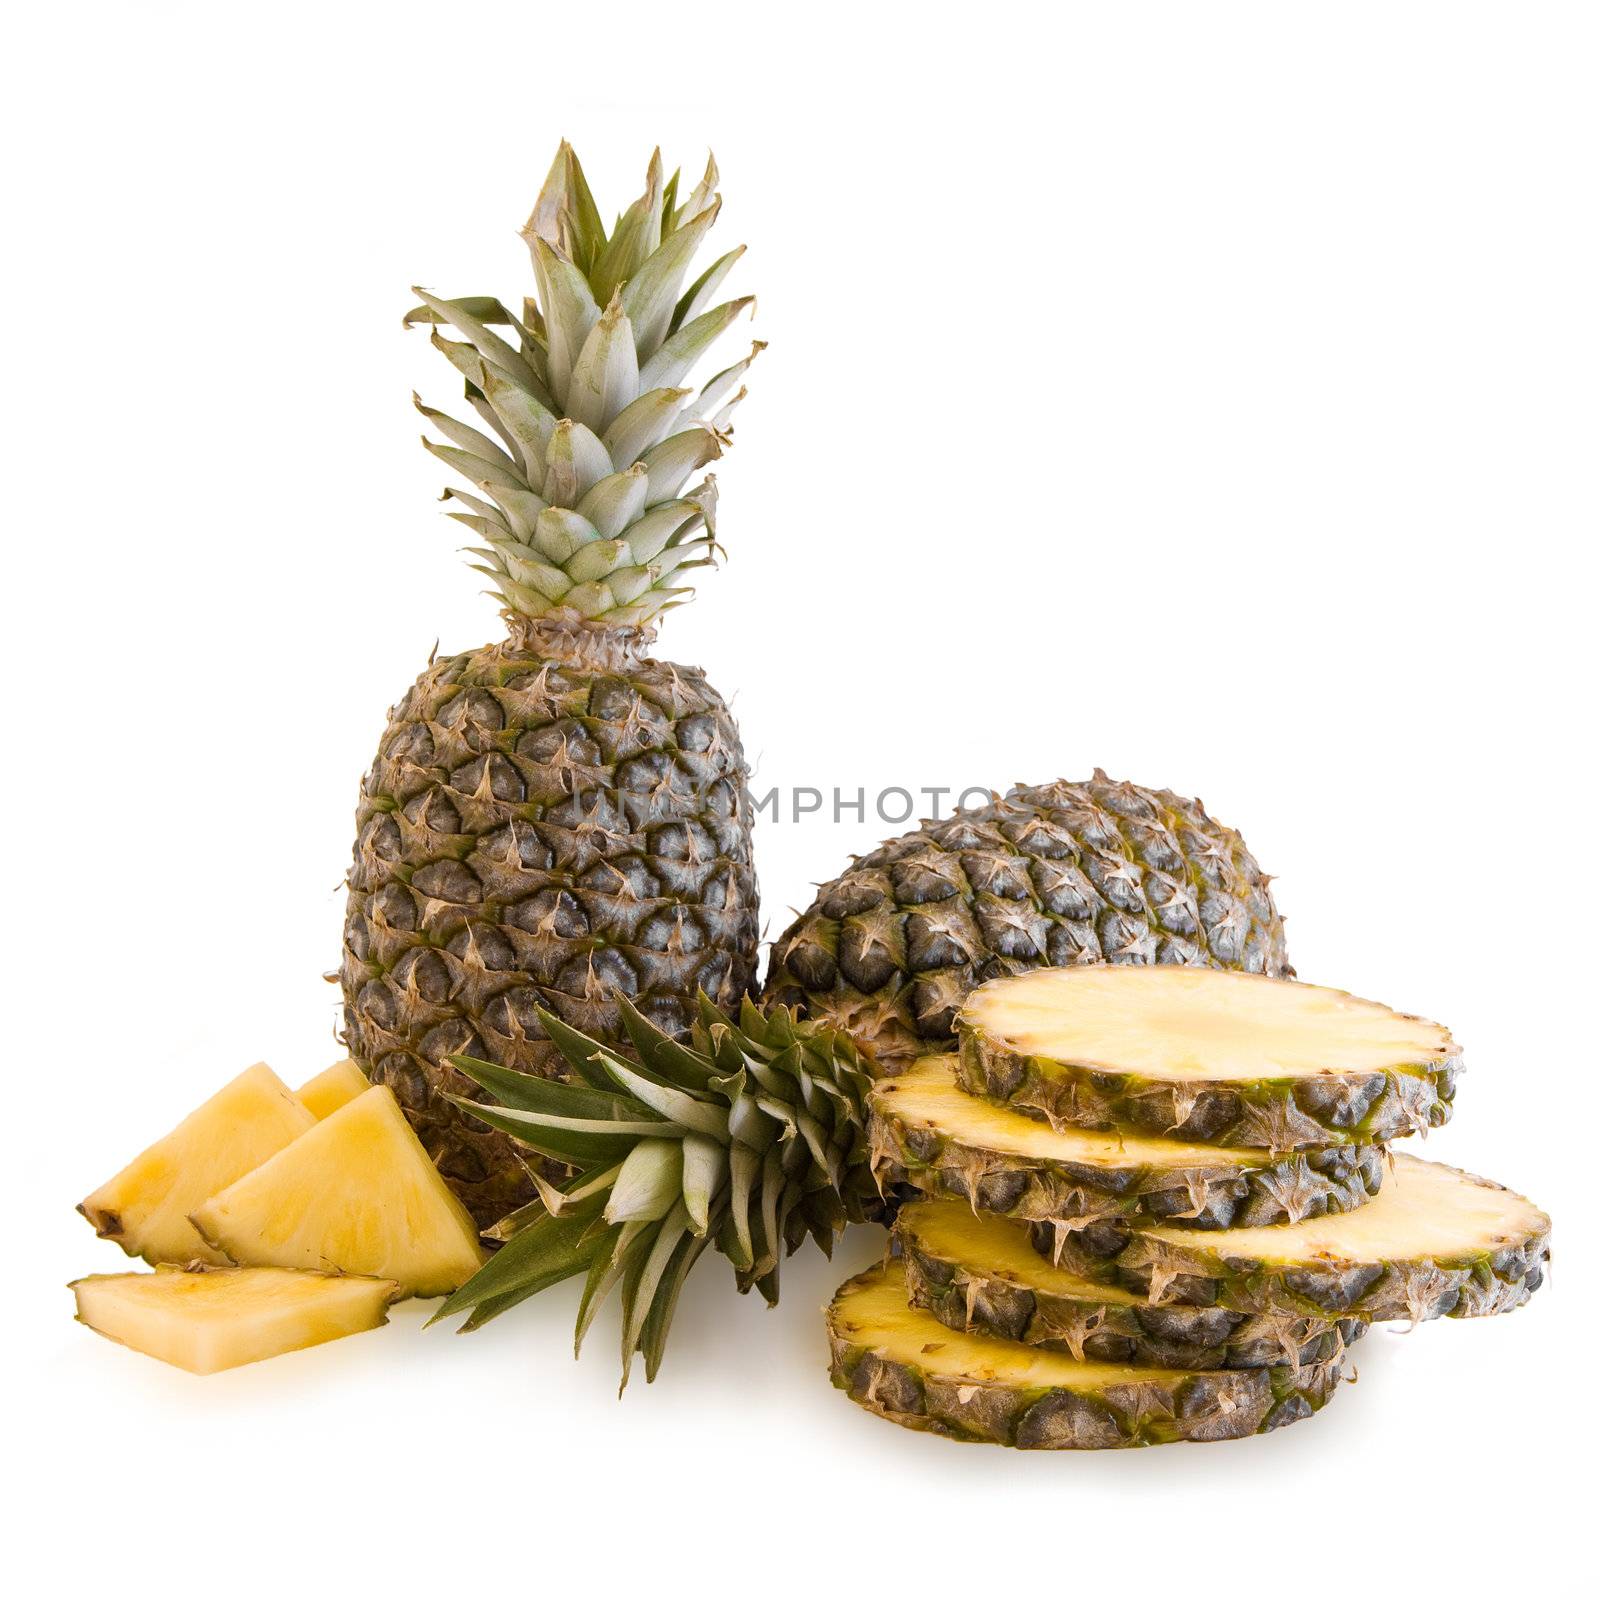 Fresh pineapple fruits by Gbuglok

===============

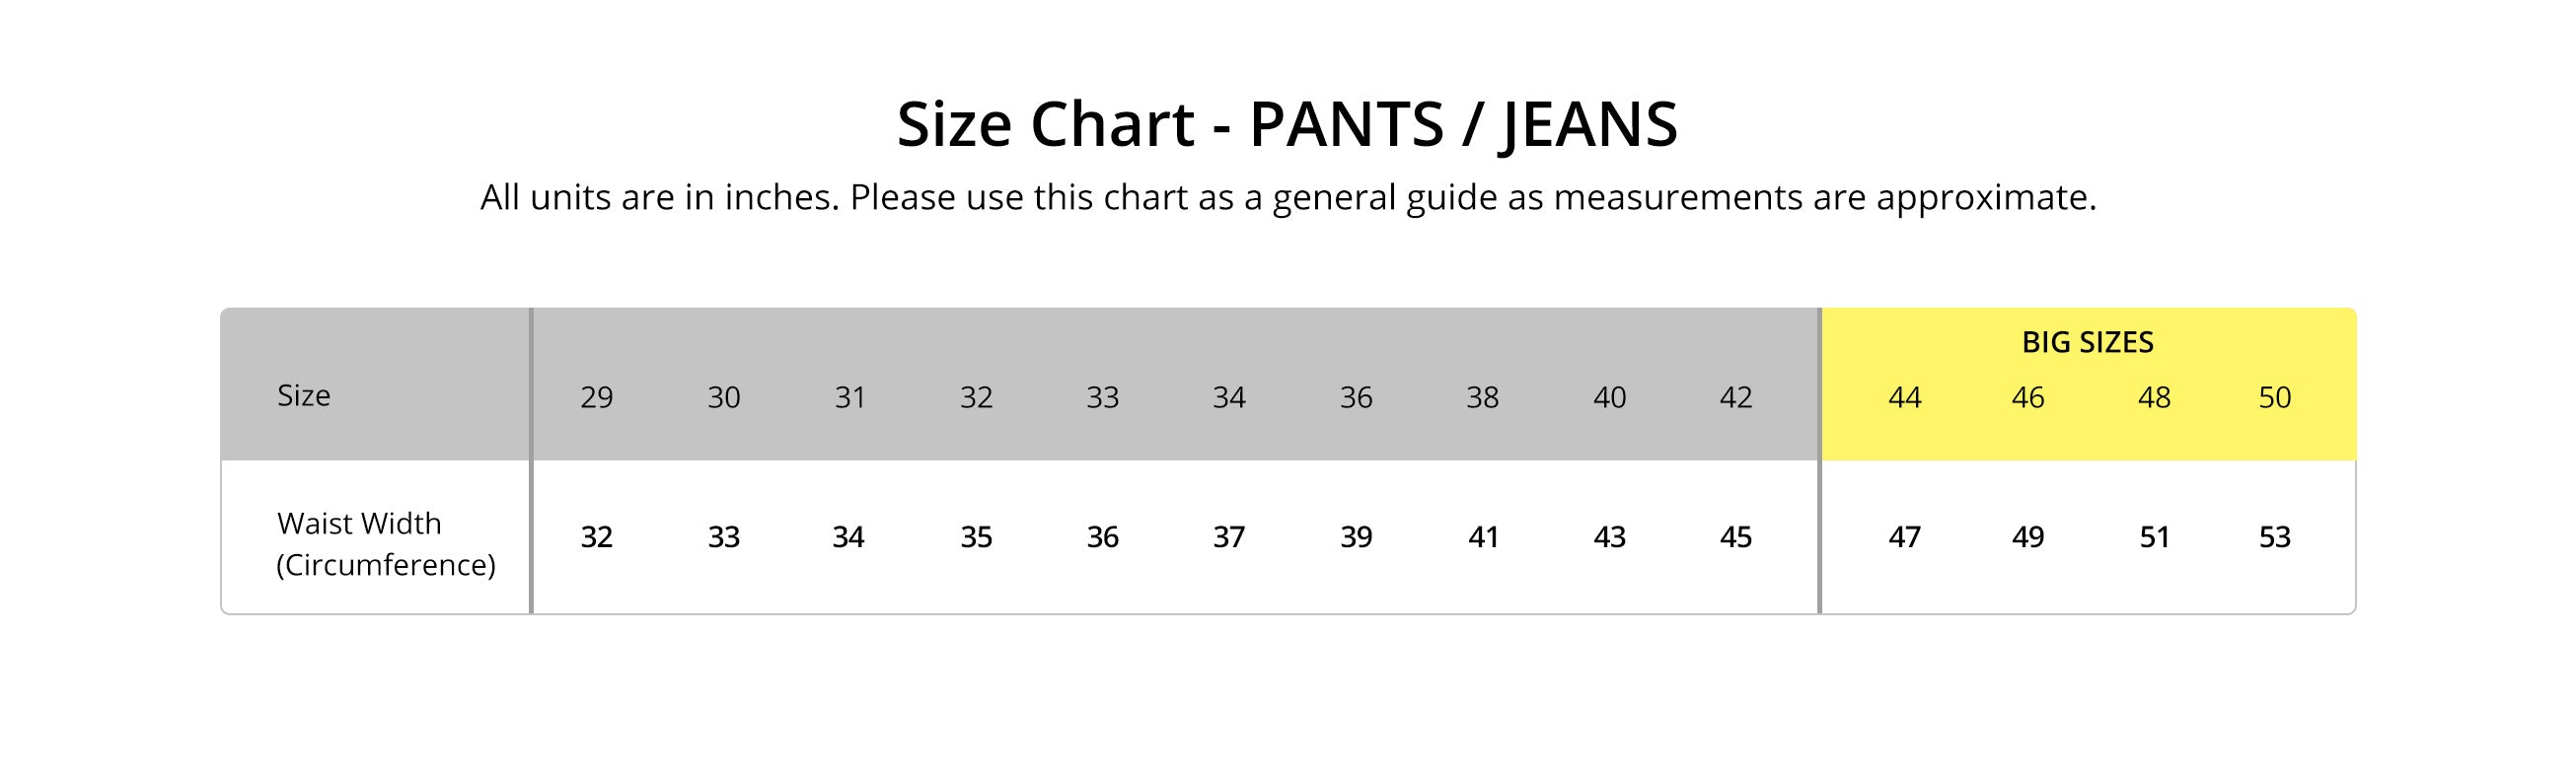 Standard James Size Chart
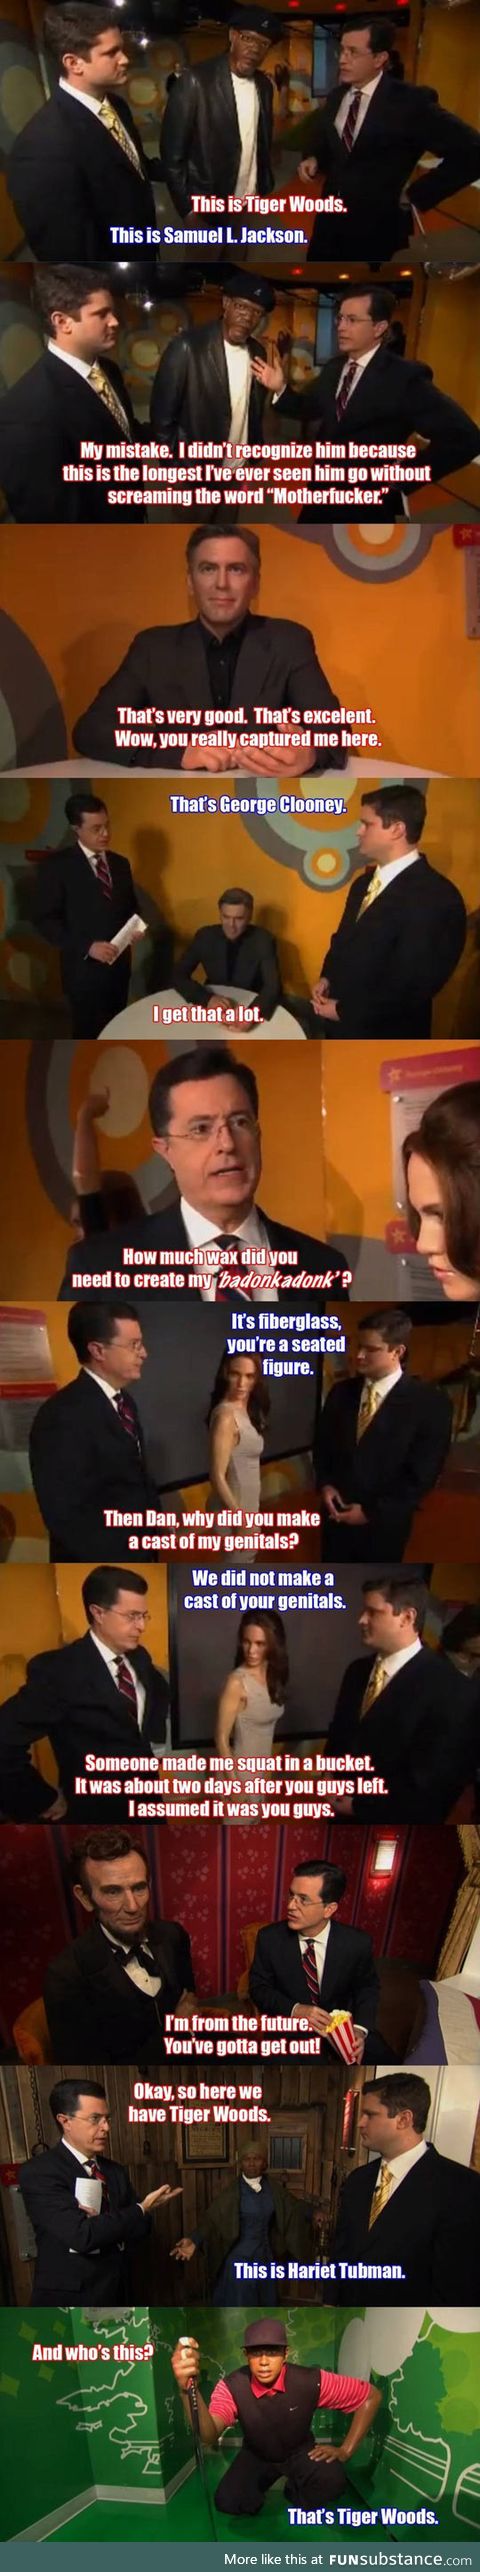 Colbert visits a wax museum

===============

* [Problem details]:
Above are entries with pictures among them. Write out exactly the lines from the one containing "Standard James Size Chart" through the one containing "Colbert visits a wax museum", ends included, and leave those pictures out.

* [Answer to this problem]:
 Standard James Size Chart
 Colbert visits a wax museum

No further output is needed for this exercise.